В роковом его просторе
Много бед погребено.
Впоследствии мне часто вспоминался перебегающий напев мелких колокольчиков, спокойный и безнадежный. Хозяйка, жена матроса, сказала мне, что этот будильник привезен из Болгарии.
Несколько дней я ничего не делал, кроме того, что знакомился с Севастополем и участвовал в некоторых прогулках; так, однажды мы, то есть Марья Ивановна, Киска и я, ходили в Херсонес, смотрели на окрестности сквозь цветные стекла херсонесского монастыря и посетили небольшой археологический музей при раскопках древнего Херсонеса. Я спросил старика сторожа, увешанного медалями:
– А можете ли вы показать мне пуговицу от штанов Александра Македонского?
Сторож разгорячился.
– Тут много бывает публики, – сердито отчитал он меня. – Сколько народу ходило, а никто таких глупостей спрашивать не позволяет!
Всю дорогу обратно я слушал брюзжание надувшейся Киски, оскорбленной моей некультурностью и презрением к археологии. Действительно, мне было скучно в музее, среди мертвых вещей. Однако мне понравились вкопанные на перекрестках миниатюрных улиц Херсонеса огромные глиняные амфоры; жители собирали в них дождевую воду.
Киска имела связи среди рядовых крепостной артиллерии и матросов флотских казарм. Сама она была выслана из Петербурга в Севастополь на три года под надзор полиции. Я долго ломал голову, стараясь понять, чем руководствуется охранное отделение, посылая революционеров и революционерок в такие центры военной силы, как Севастополь, но никакого объяснения не нашел.
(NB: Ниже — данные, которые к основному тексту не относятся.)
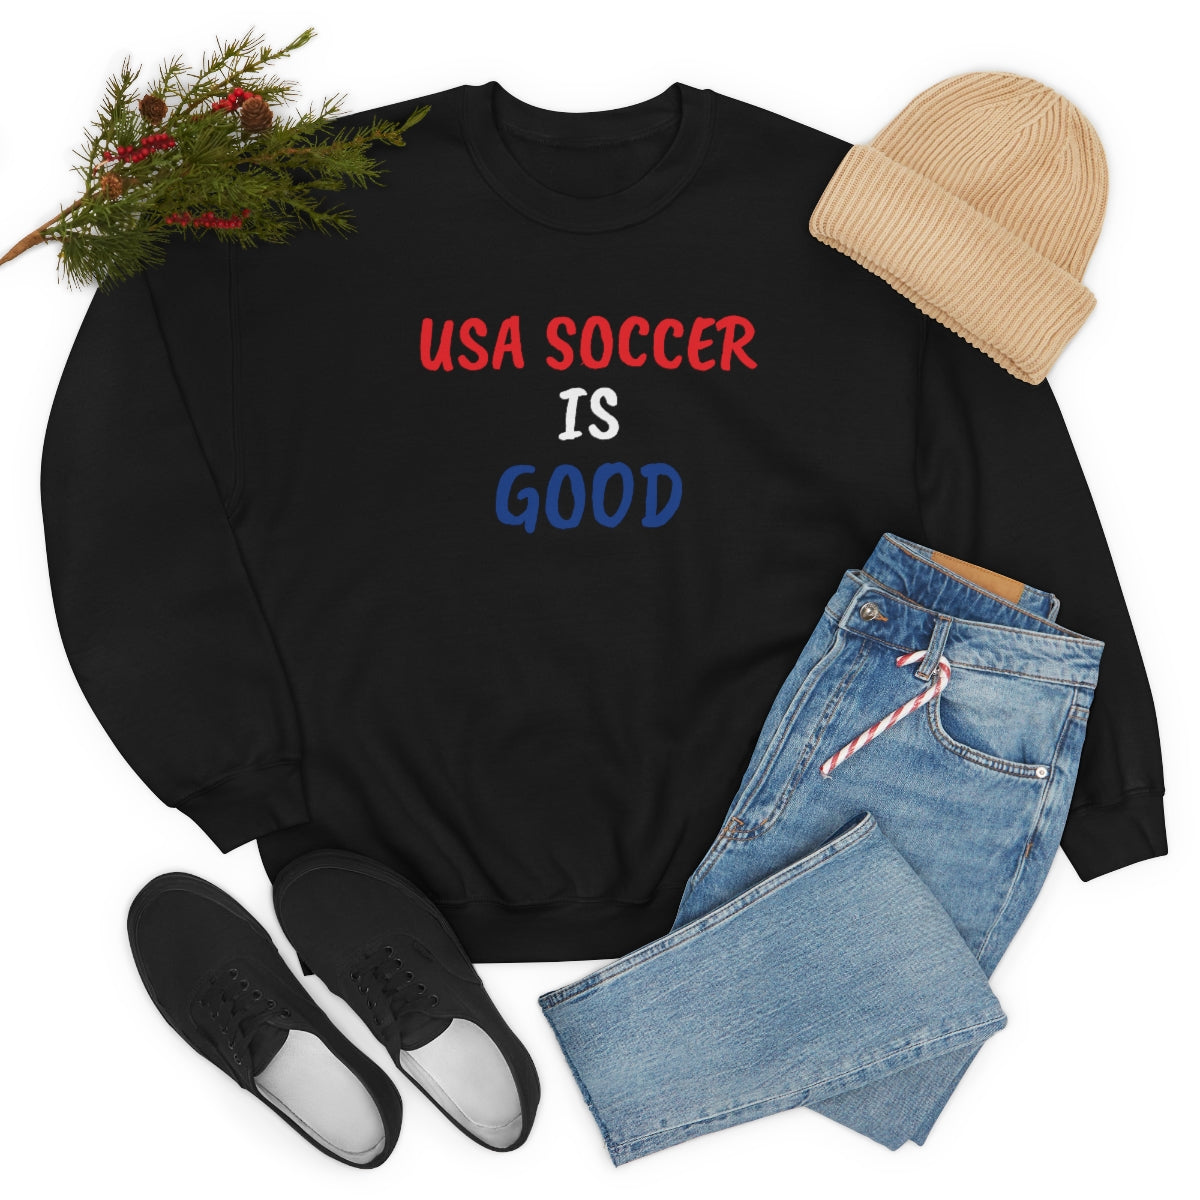 USA SOCCER IS GOOD Crewneck Sweatshirt - IsGoodBrand

Дело происходило в октябре 1903 года, после многих забастовок и демонстраций по таким крупным городам, как Одесса, Екатеринослав, Киев и другие.
Однажды ночью на Артиллерийской слободке состоялось первое мое свидание с рядовым Палицыным, невзрачным рябоватым солдатиком. Через Киску он распространял в казармах революционную литературу. Киска, бывшая тут же, убедила Палицына созвать собрание рядовых, на котором я должен был с ними говорить.
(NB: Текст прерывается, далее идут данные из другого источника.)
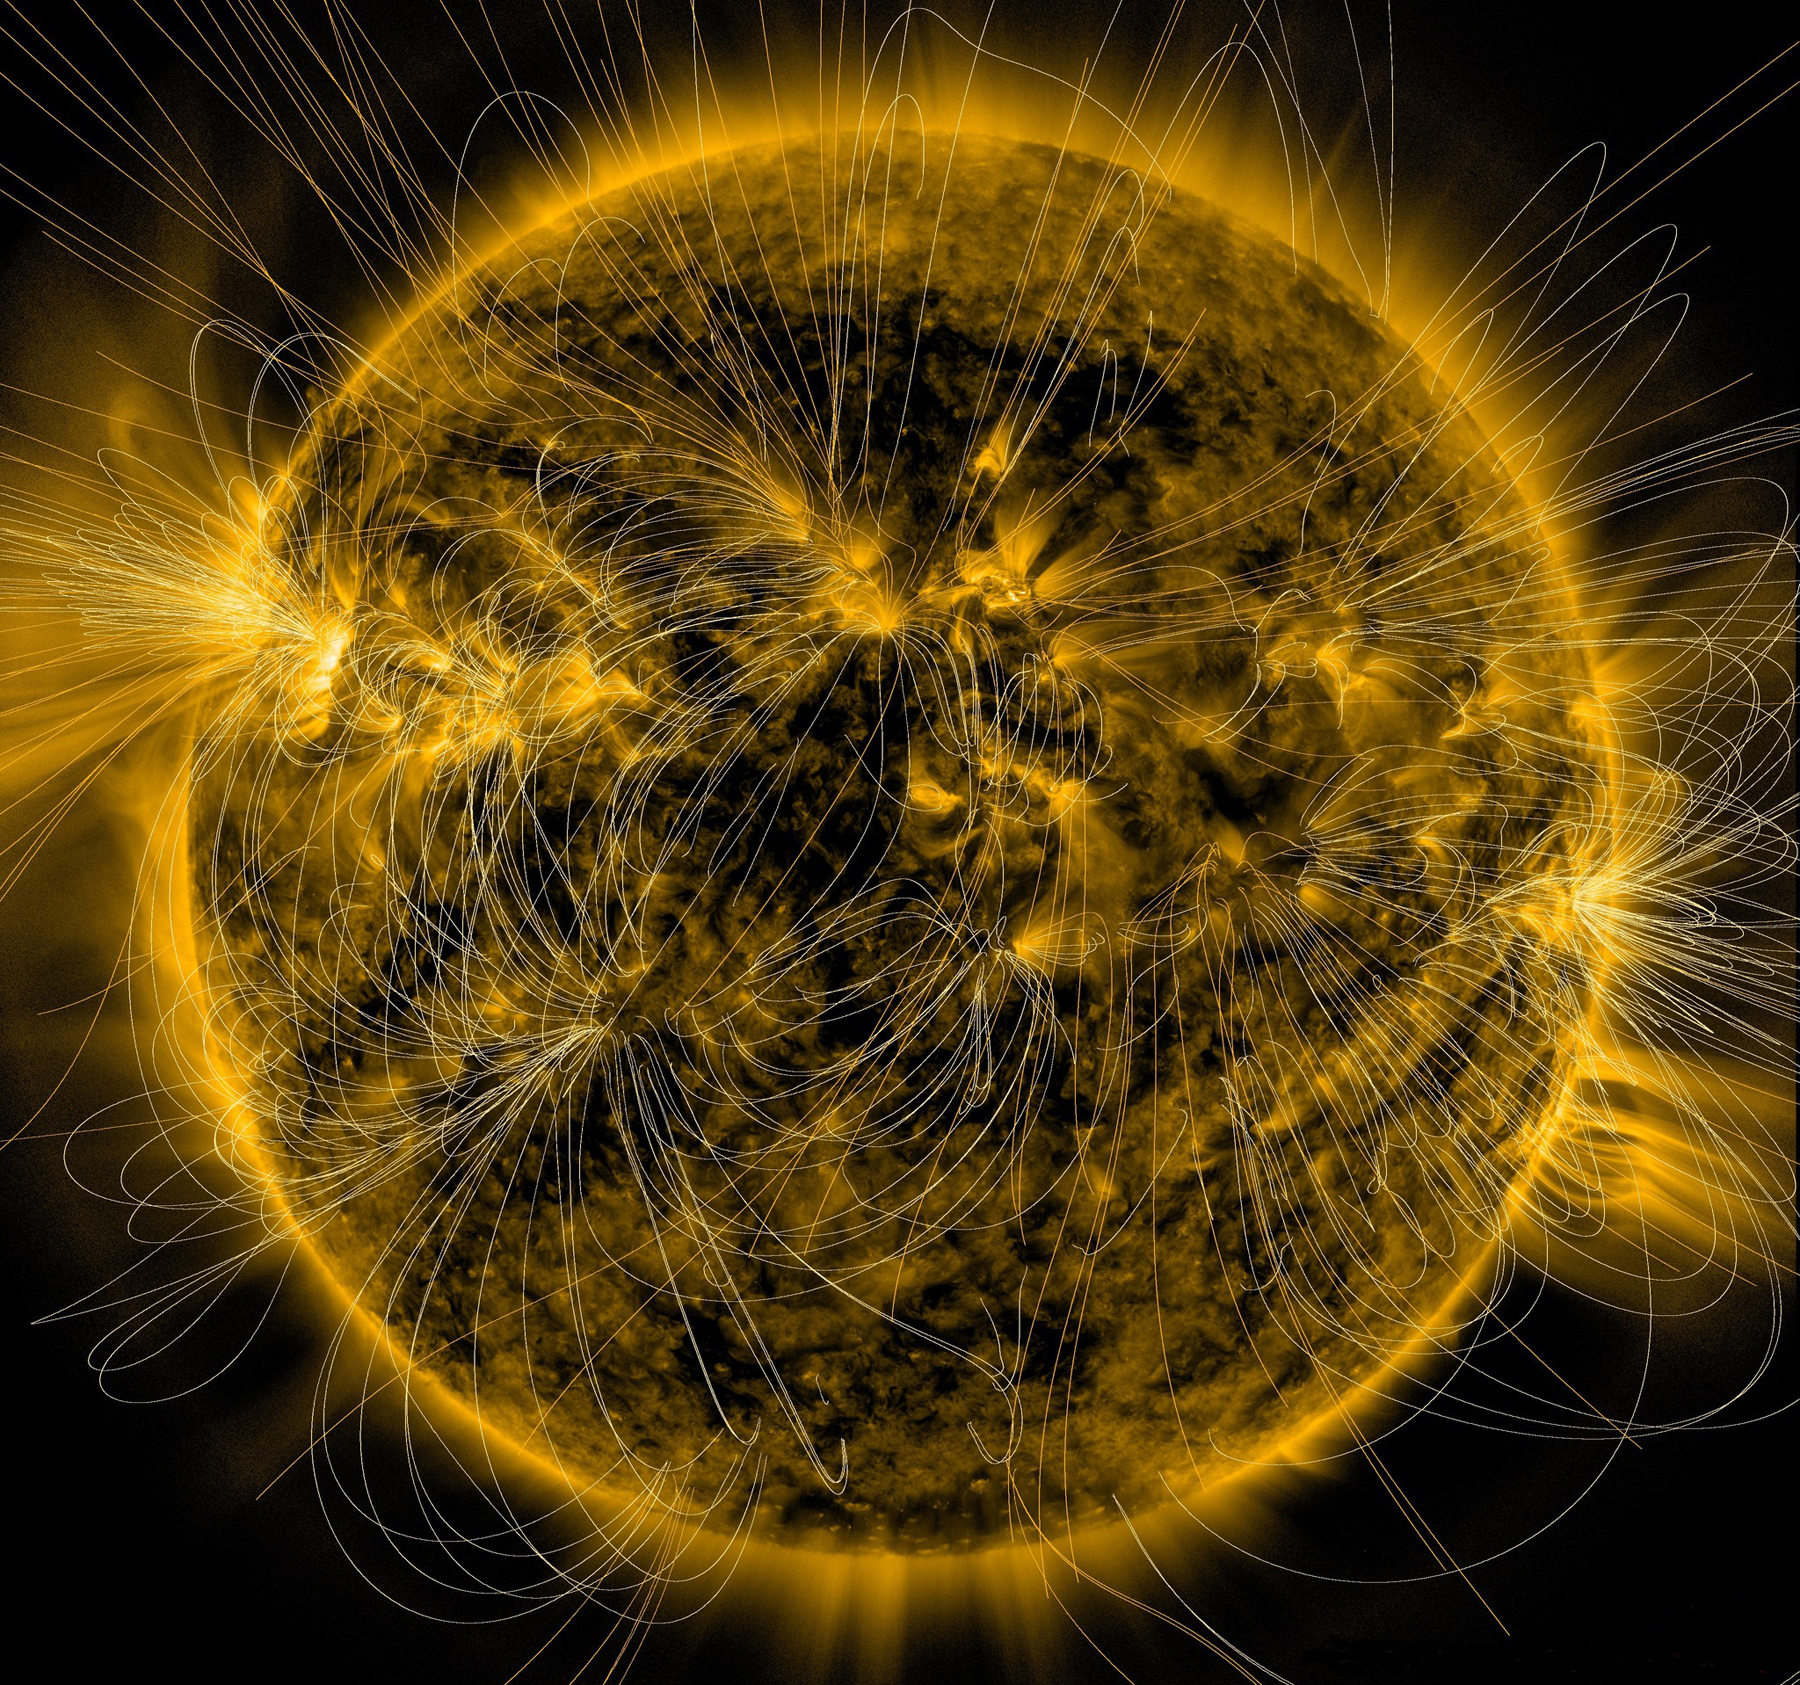 La couronne solaire s’étend sur des millions de kilomètres au-delà de la surface de notre Soleil. Elle apparaît un million de fois plus brillante que le disque solaire et sa température atteint les 3 millions de degrés. Et les champs magnétiques solaires semblent jouer un rôle essentiel de ce point de vue. © Nasa, SDO

На другой день поздно вечером я встретил Палицына, как мы условились заранее, в одном закоулке, и он провел меня тайным путем в казарму, вернее – в небольшое строение около береговых укреплений. Из предосторожности огонь не был зажжен; собрание произошло в полной тьме, где блестели только искры махорочных папирос. По‑видимому, народу было много, так как дышалось и ступалось с трудом.
Я сказал им так много и с таким увлечением, что впоследствии узнал лестную для меня вещь: оказывается, один солдат после моего ухода бросил с головы на землю фуражку и воскликнул:
– Эх, пропадай родители и жена, пропадай дети! Жизнь отдам!
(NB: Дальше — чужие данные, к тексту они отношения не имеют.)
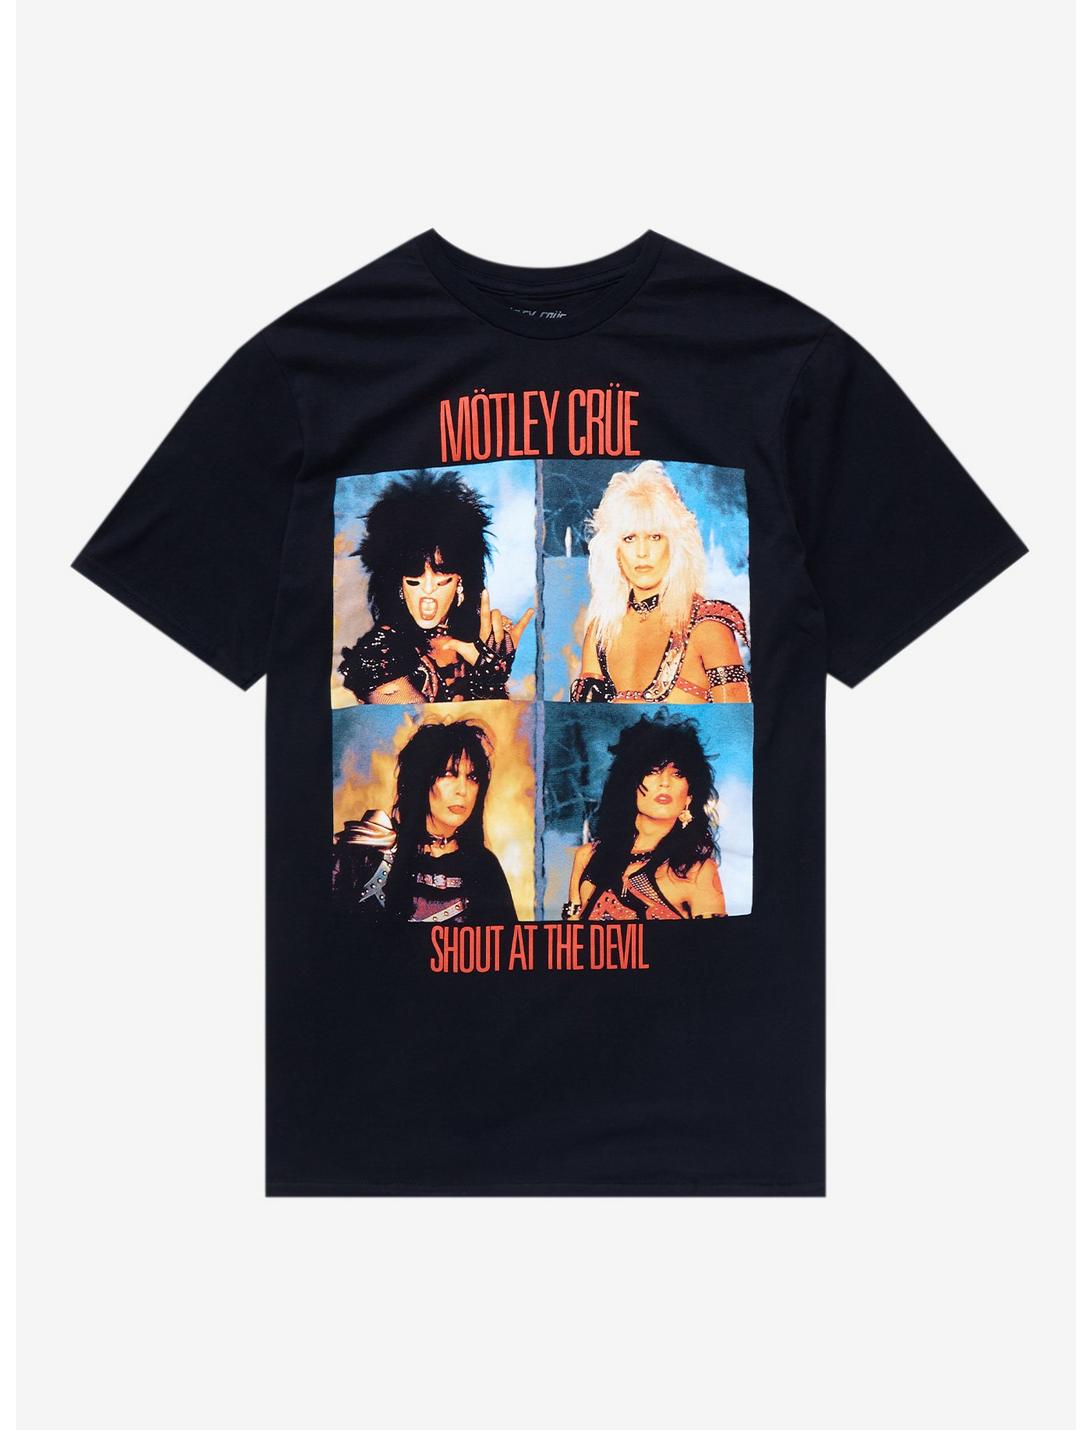 Motley Crue Shout At The Devil Album Cover T-Shirt, BLACK, hi-res

Такие собрания повторялись несколько раз, но они происходили, ввиду осведомленности начальства о первом собрании, на пустырях, за первым от Севастополя железнодорожным туннелем.
Среди матросов особенно выделялся своей популярностью, конспирацией и энтузиазмом один ефрейтор машинной команды, сормовский рабочий. Его прозвище было Спартак. Это был худощавый человек лет тридцати, со следами оспы на желтом лице, гибкий и своеобразно красивый. Моя задача, как внушила мне Киска (ее прозвище для кружков было Зоя, Киской ее звали городские знакомые), состояла в том, чтобы привлечь Спартака на сторону социально‑революционной партии. Спартак симпатизировал эсерам, однако его отталкивал от их программы так называемый «индивидуальный террор»; этот моряк находил более целесообразным массовый террор, устанавливаемый программой с.‑д.
Я несколько раз встречался с ним на квартире у Киски и за двором флотских казарм, однако вполне его переубедить не мог. Иногда, казалось, он соглашался, а затем, встретясь другой раз, довольно стройно и доказательно спорил.
Его привлекала земельная часть программы эсеров, отталкивал террор. А так как в Севастополе был комитет с.‑д. партии, поставленный и обслуживаемый гораздо лучше, чем наш, то и влияние на Спартака с той стороны было сильнее нашего. Между тем залучить этого человека было бы крайне выгодно: матросы слепо доверяли ему; на какую бы сторону он ни пошел, на ту сторону пошли бы и матросы.
Раздумывая и колеблясь, Спартак поступал мудро, как Соломон: он устраивал собрания равно для с.‑р. и с.‑д., а сам, присутствуя на них, слушал, сравнивал и решал. Впоследствии он окончательно примкнул к с.‑д. партии.